Member of the New York State Senate
- In office January 1, 1969 – March 1976
- Preceded by: Simon J. Liebowitz
- Succeeded by: Howard E. Babbush
- Constituency: 16th district (1969-1972); 15th district (1973-1976);

Personal details
- Born: February 2, 1918
- Died: June 29, 2009 (aged 91)
- Party: Democratic
- Spouse: Shirley
- Children: 2
- Alma mater: Thomas Jefferson High School St. John's University St. John's University School of Law
- Profession: Politician, lawyer

= A. Frederick Meyerson =

American politician (1918–2009)

A. Frederick Meyerson (February 2, 1918 – June 29, 2009) was an American lawyer and politician from New York.

==Life==
He was born on February 2, 1918. He attended Thomas Jefferson High School. He graduated from St. John's College of Liberal Arts and Sciences, and from St. John's University School of Law. He was admitted to the bar in 1944, and was employed by the Bureau of Internal Revenue. Later he was law clerk to a Supreme Court Justice. He married Shirley, and they had two children.

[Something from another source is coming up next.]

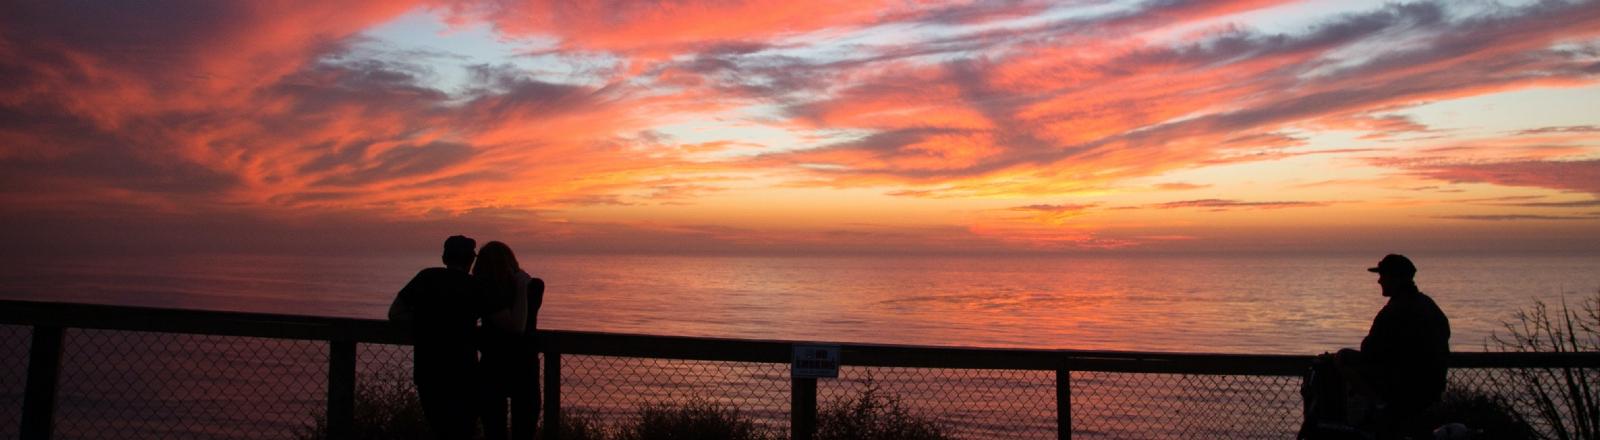 Drei Menschen beobachten einen Sonnenuntergang über dem Meer.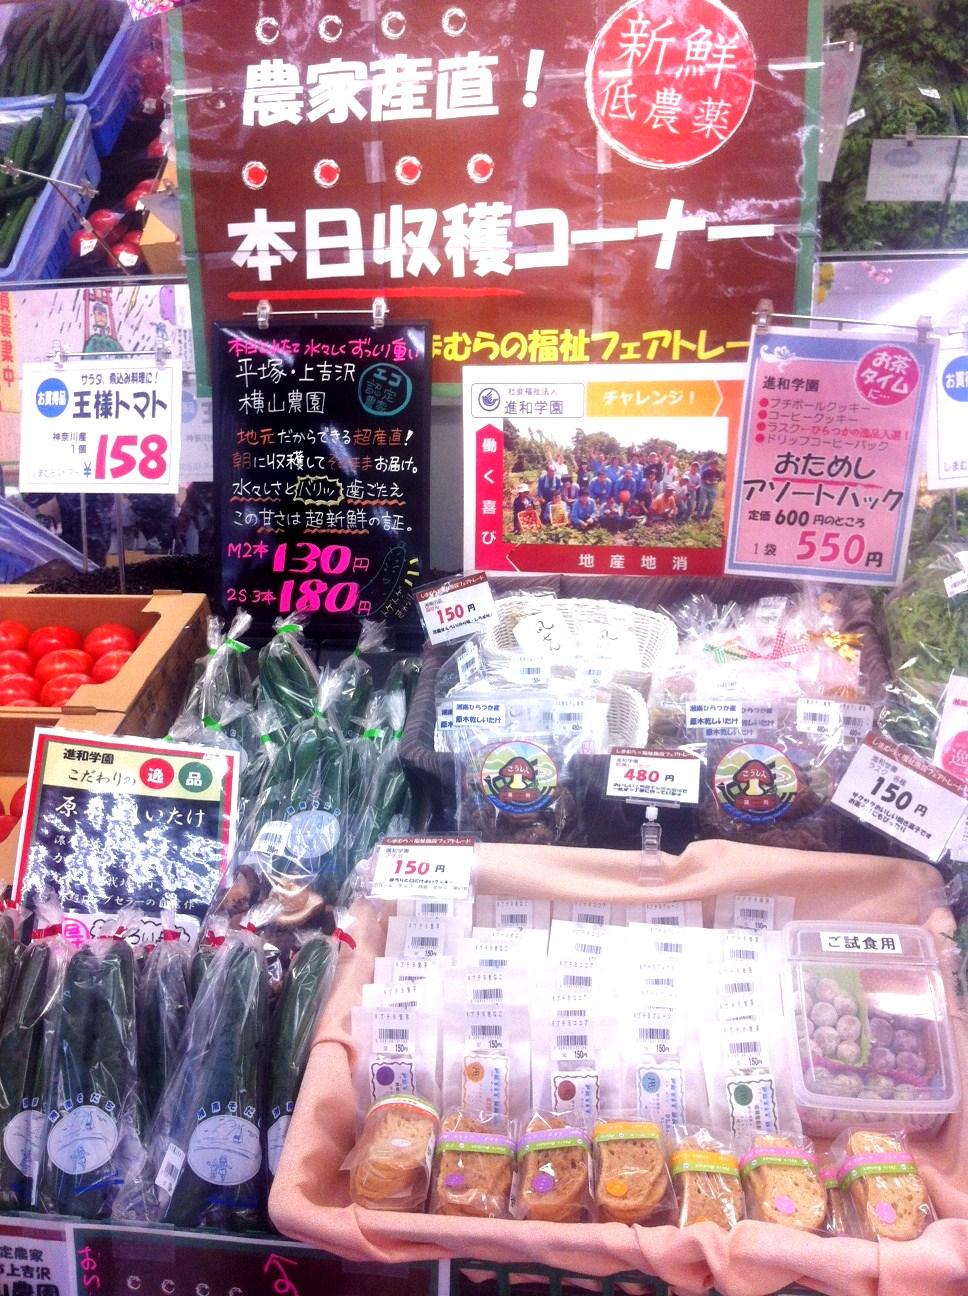 2012.4.17しまむら__.jpg

Meyerson was a member of the New York State Senate from 1969 to 1976, sitting in the 178th, 179th, 180th and 181st New York State Legislatures. In the evening of July 17, 1969, he tried to assist two policemen and got stabbed in the back twice by members of a youth gang. He resigned his seat in March 1976, and was appointed to the New York City Criminal Court.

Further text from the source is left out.